Material provided:
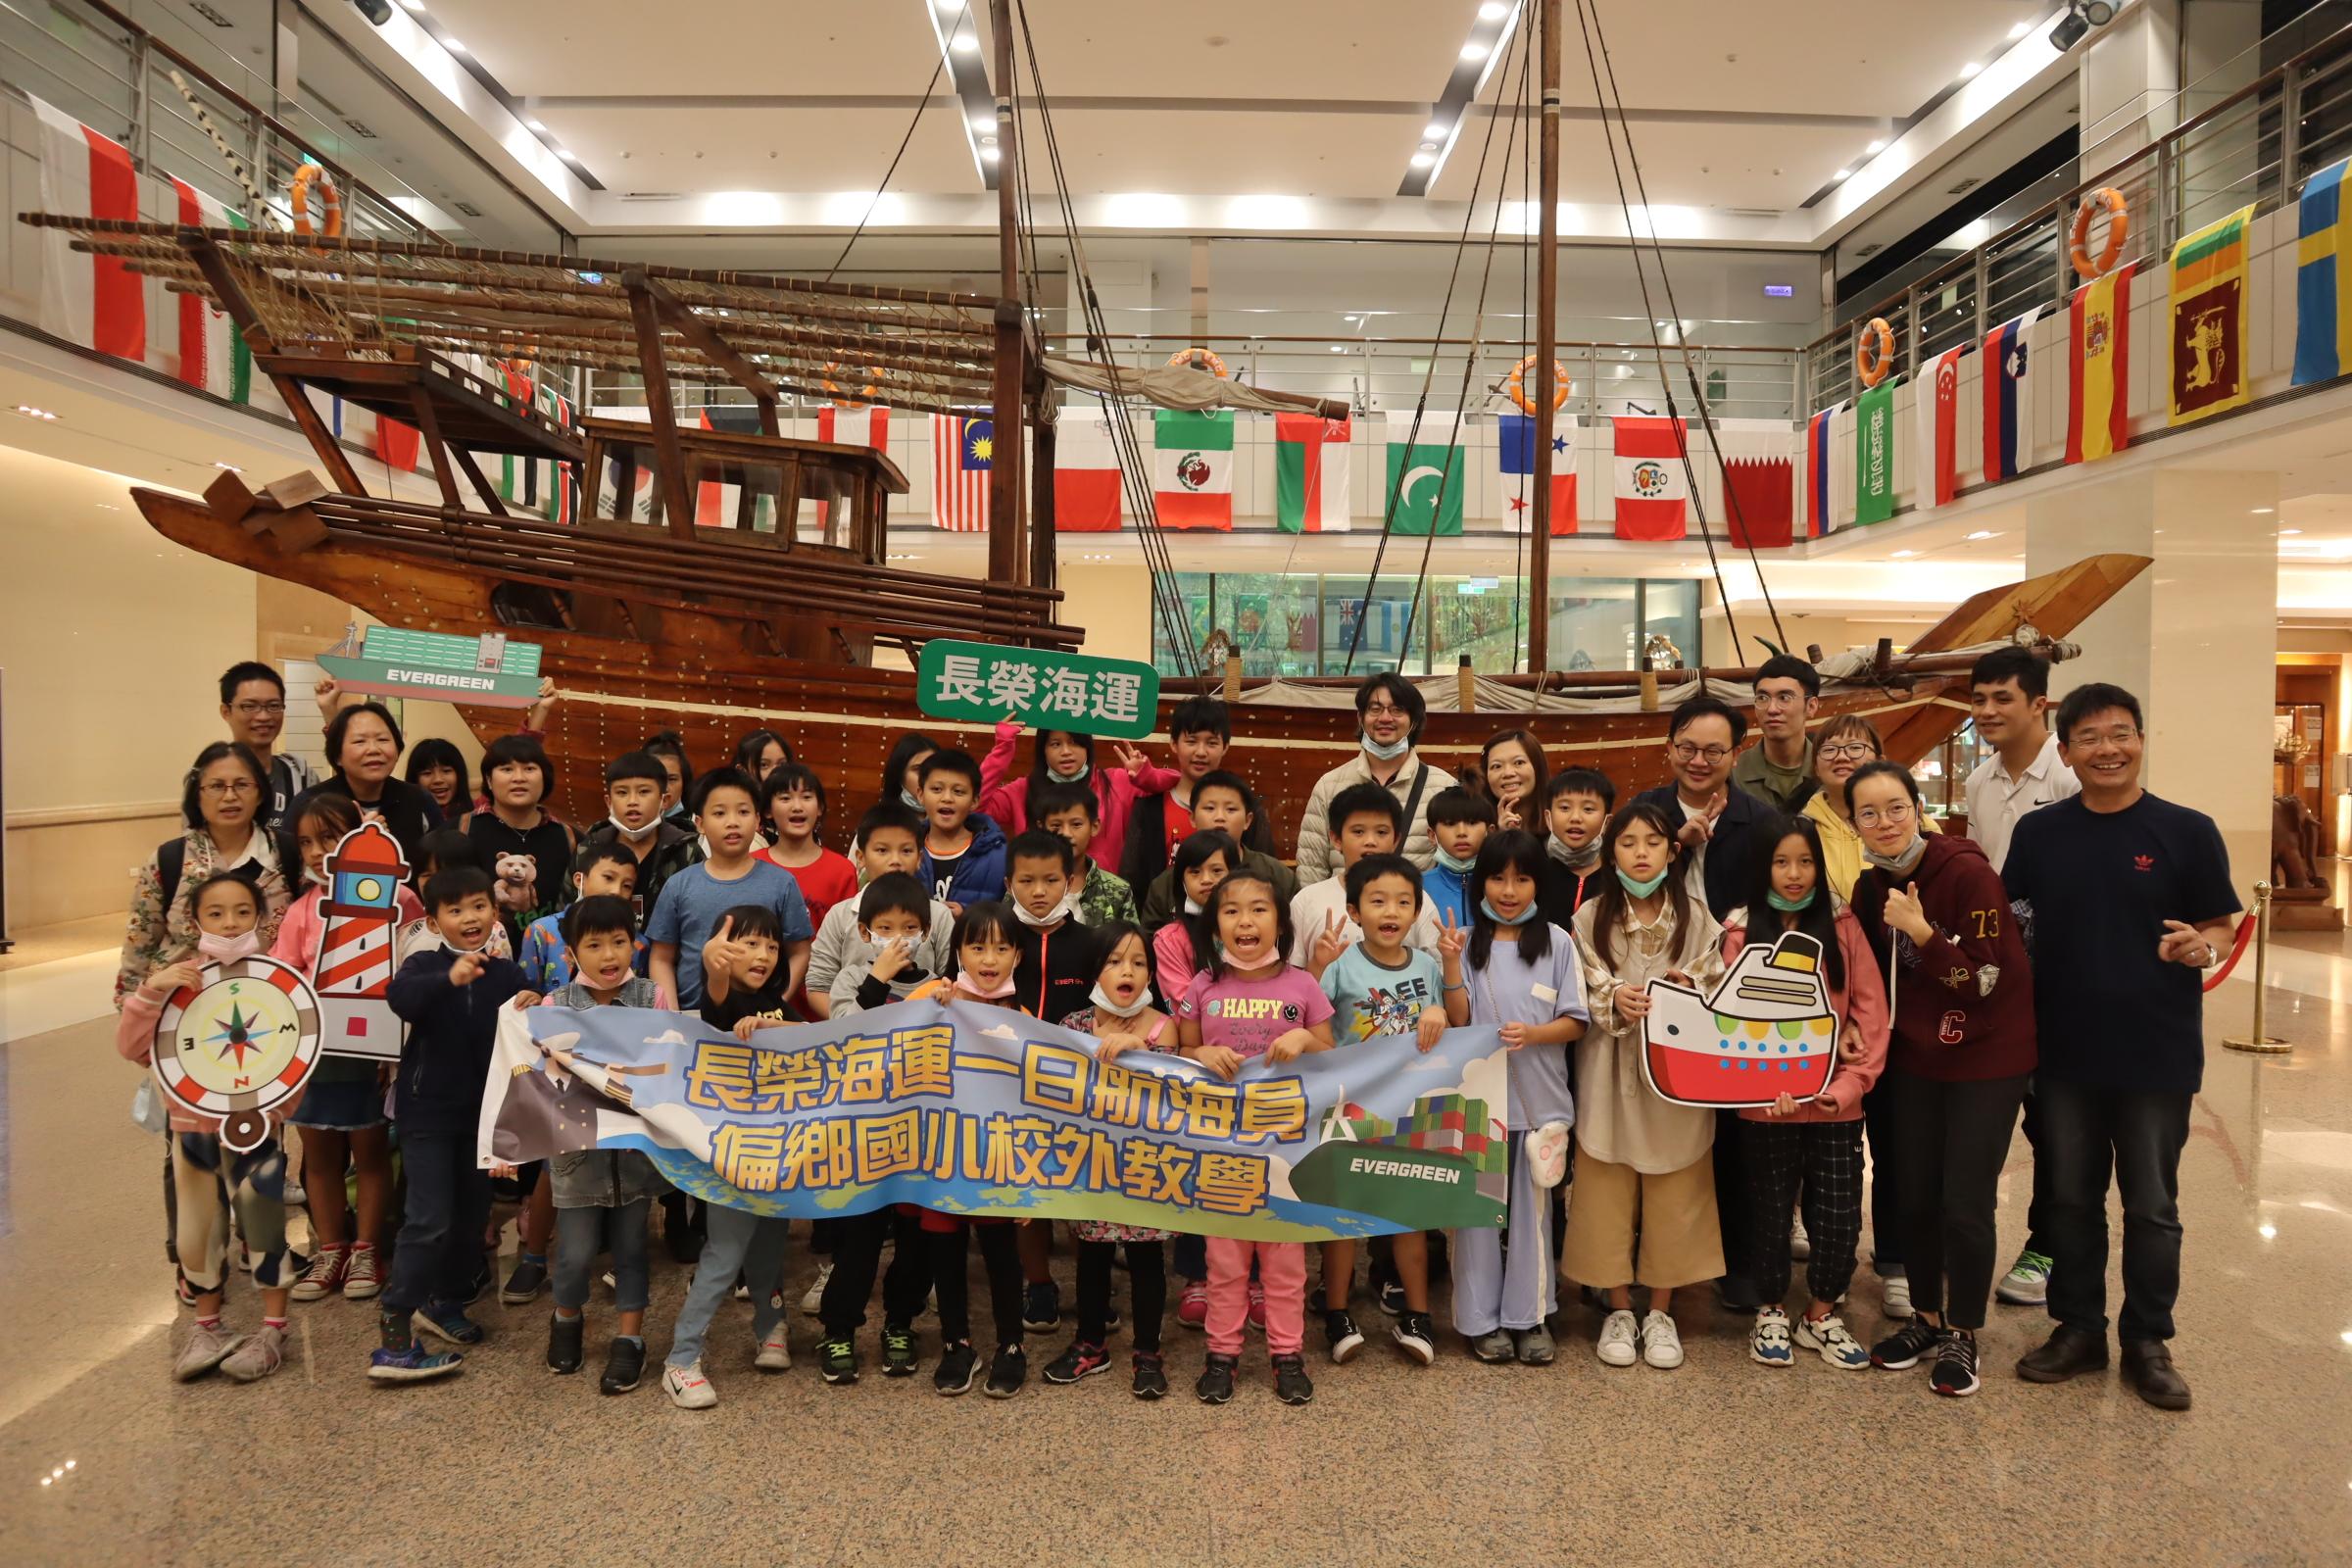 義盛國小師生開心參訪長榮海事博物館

--

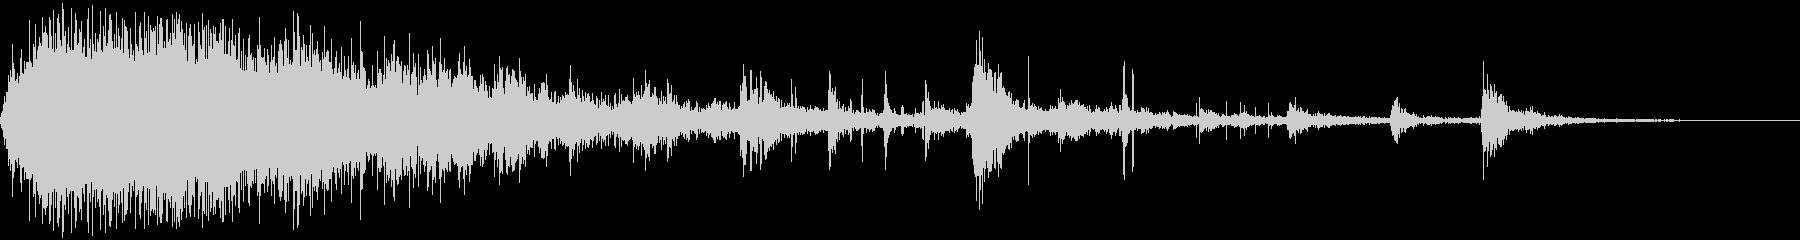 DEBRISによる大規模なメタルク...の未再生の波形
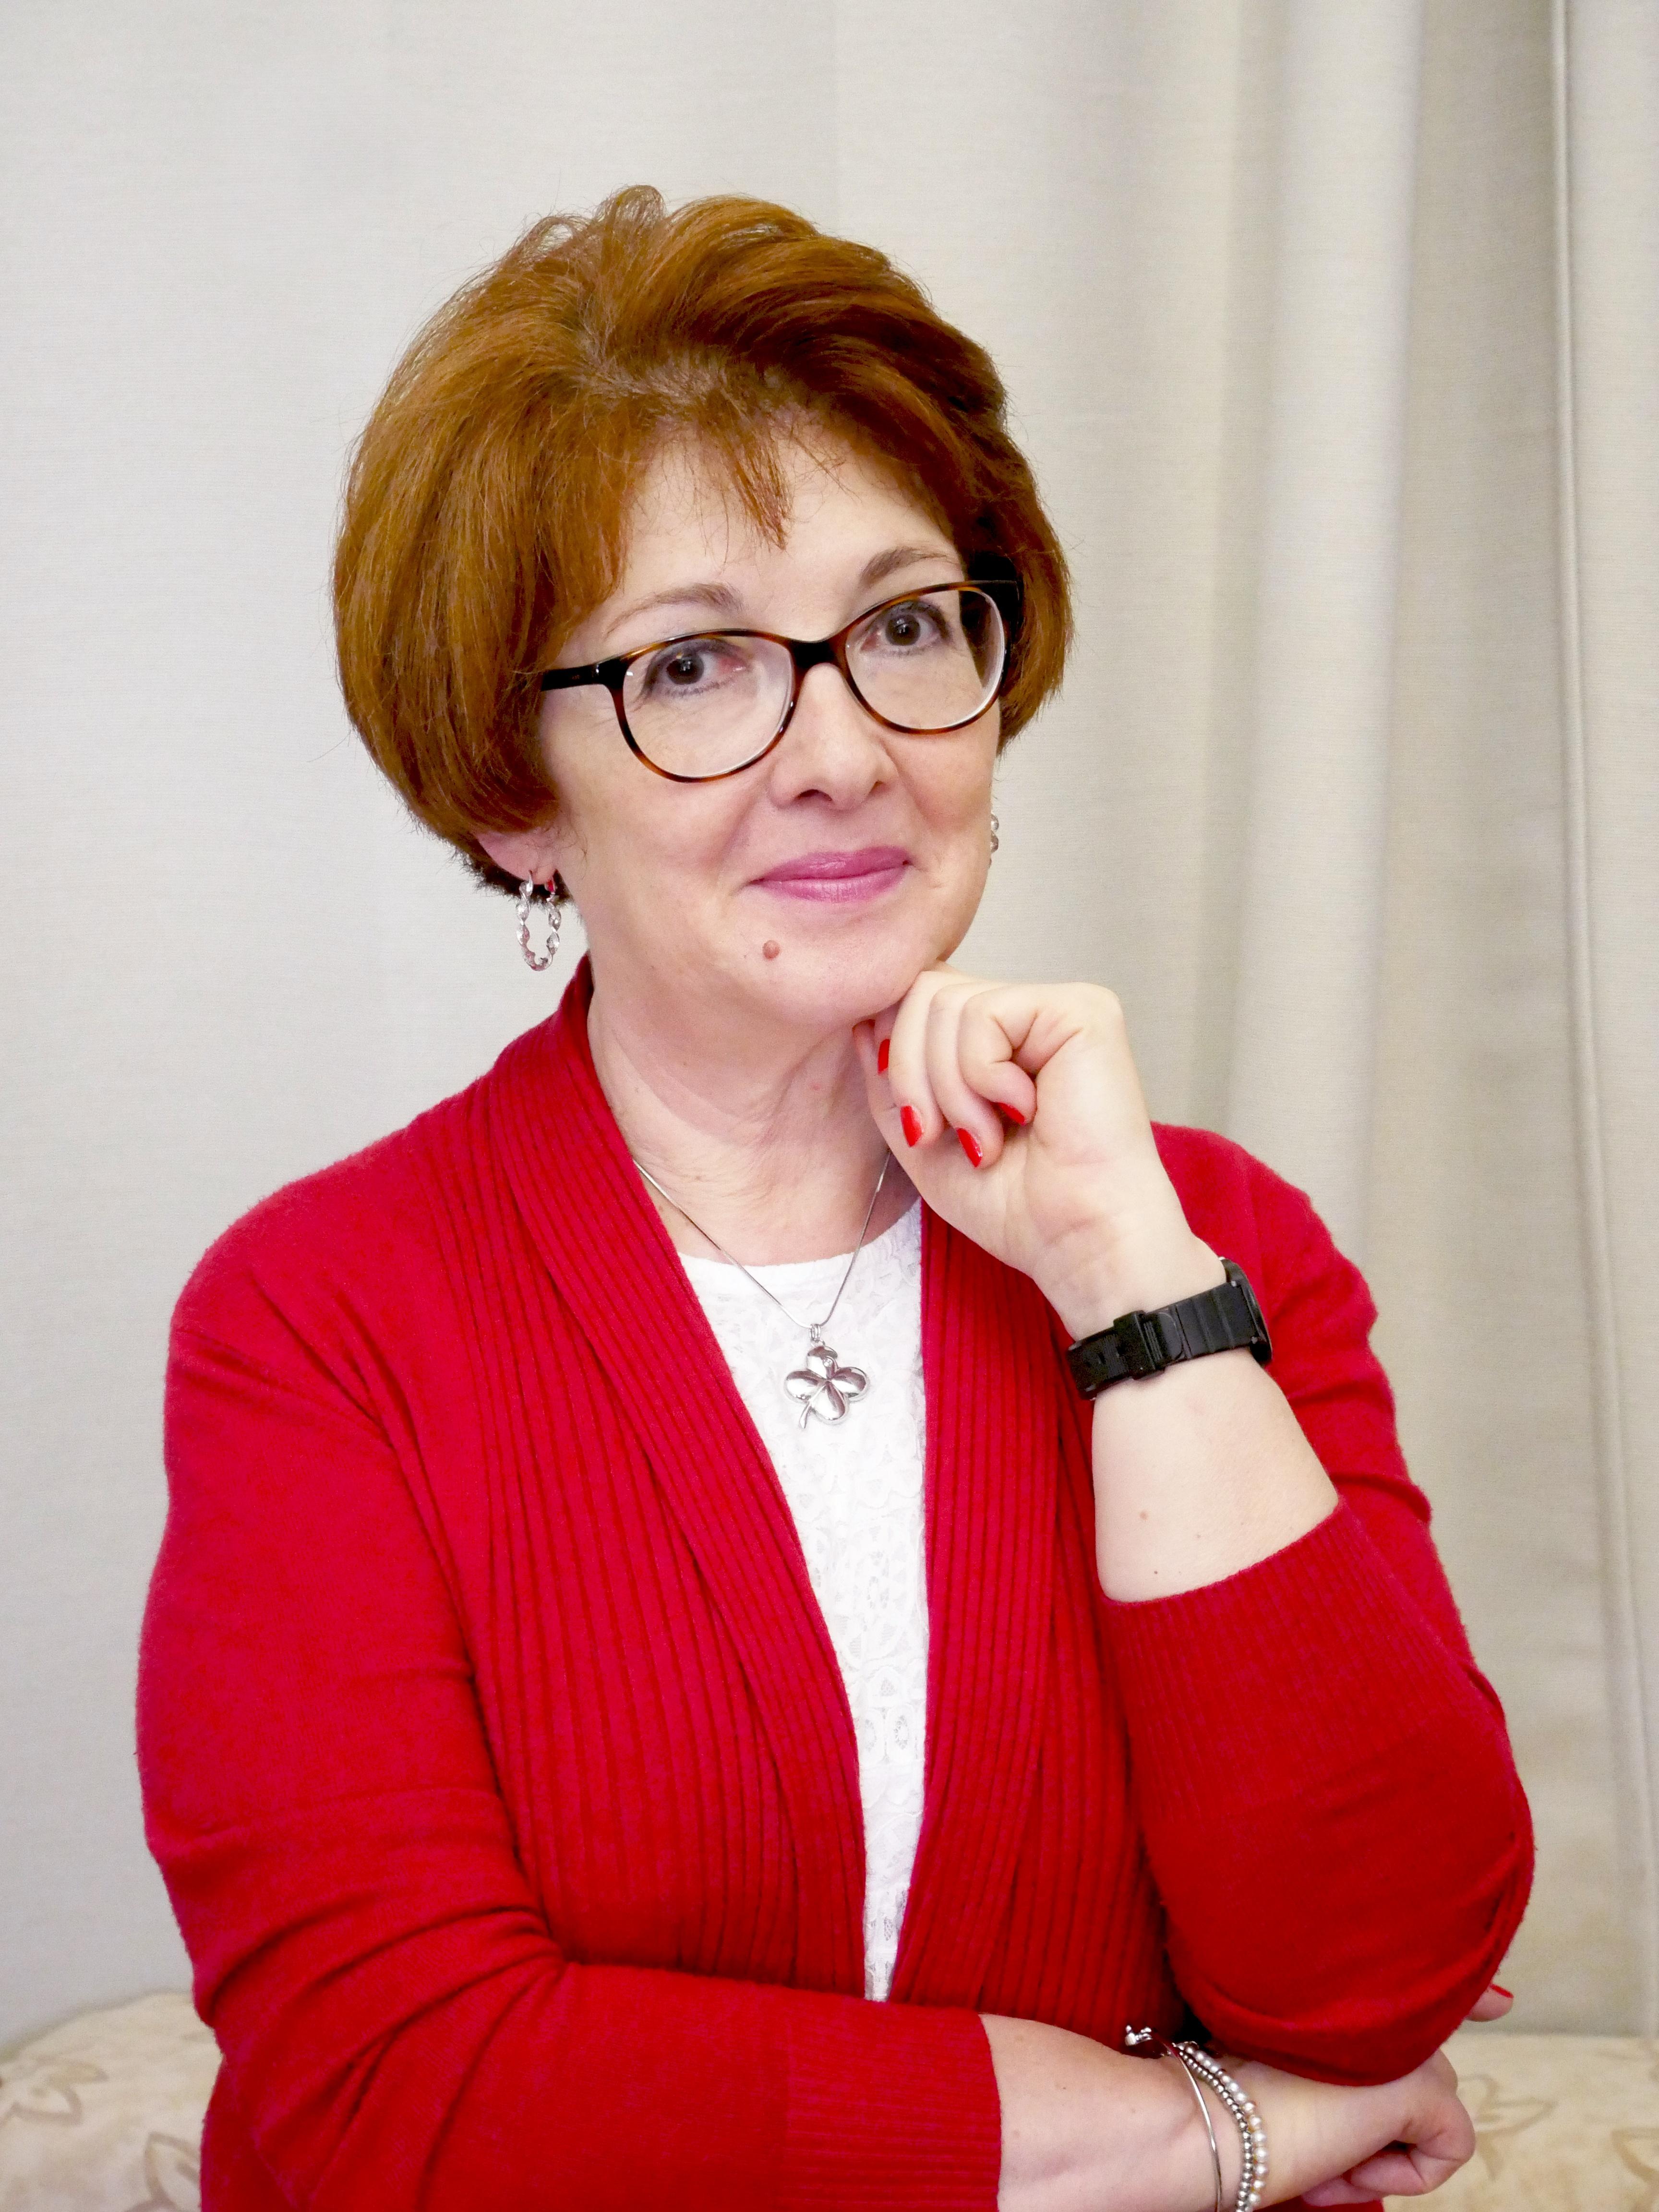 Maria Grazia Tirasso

What to produce: Could the stretch from the line with "DEBRISによる大規模なメタルク...の未再生の波形" through the line with "Maria Grazia Tirasso" in the listing above be restated word for word, minus the pictures?

Result of this task:
 DEBRISによる大規模なメタルク...の未再生の波形
 Maria Grazia Tirasso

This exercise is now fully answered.